Rushton v. Estate of Ian MacKay, 2020 NBQB 216
On August 3, 2010 the Plaintiff Craig Rushton was travelling due west along Highway 3 near Harvey, New Brunswick. Meantime, the Defendant was travelling in the opposite direction. The Defendant turned left into the Harvey Irving gas station crossing the Plaintiff’s lane of travel. The two vehicles collided, either in the Plaintiff’s lane of travel or in the nearby gas station parking lot.
The Plaintiff commenced an action against the defendant for injuries. The Defendant filed a defence denying liability for the collision and denying that the Plaintiff suffered injuries as described in his claim.
In December of 2018, the defendant died. The Plaintiff asked the defendant to admit liability for the Plaintiff’s claim in its entirety. When this was not agreed, the Plaintiff filed a Motion for Summary Judgment.
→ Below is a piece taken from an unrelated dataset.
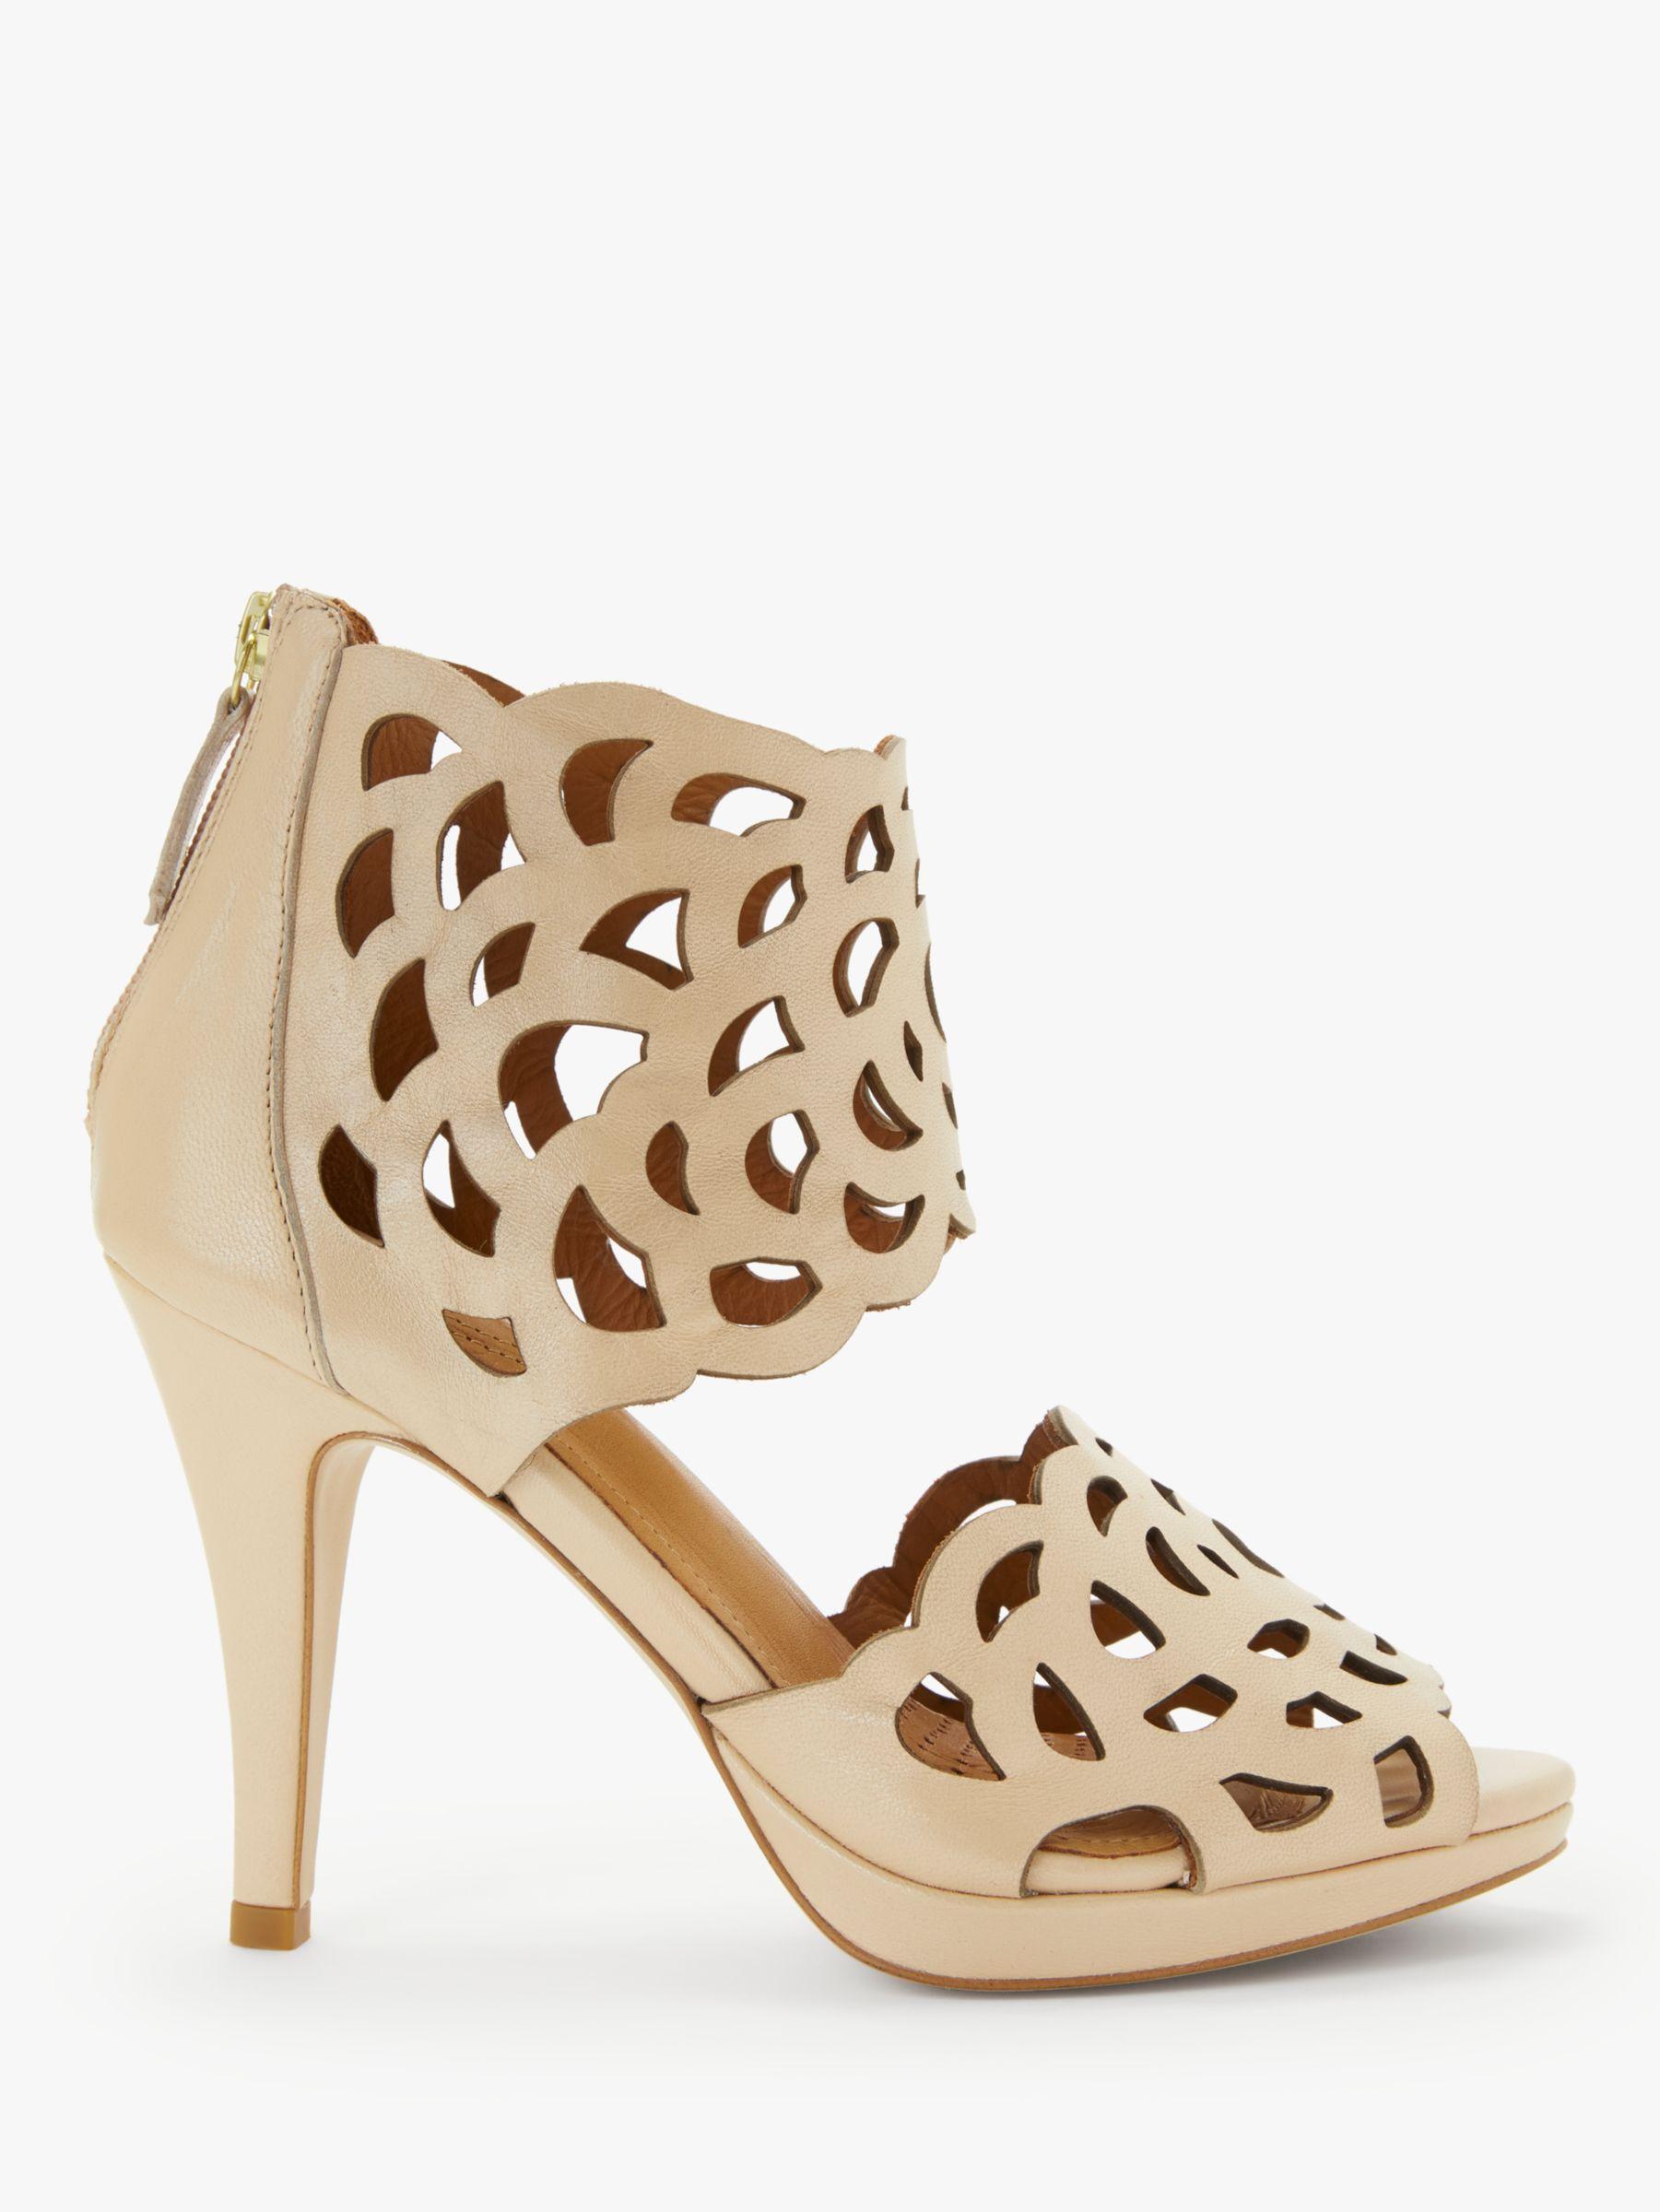 9234196955d04d Sargossa Inspire Heeled Sandals in Natural - Lyst

Along with the Motion, the Plaintiff filed an affidavit of 44 paragraphs, of which only one dealt with the alleged damages suffered by the Plaintiff. There was also a general lack of evidence regarding the cause of the collision, only factual accounts from the two parties to the action.
The Motion Judge considered whether Summary Judgment should be granted. The Motion Judge stated that to grant such a ruling, he would need sufficient evidence that (1) the defendant owed a duty of care to the Plaintiff driver, (2) the defendant may have breached that duty, (3) the Plaintiff had suffered damages, as claimed, and (4) that those damages were caused by the defendant’s breach of that duty.
Here, the Plaintiff simply attempted to present transcript evidence as proof of the cause of the collision and presented no evidence of the Plaintiff’s damages. The Motion Judge held that summary judgment should be denied, and thus dismissed the Plaintiff’s Motion with costs.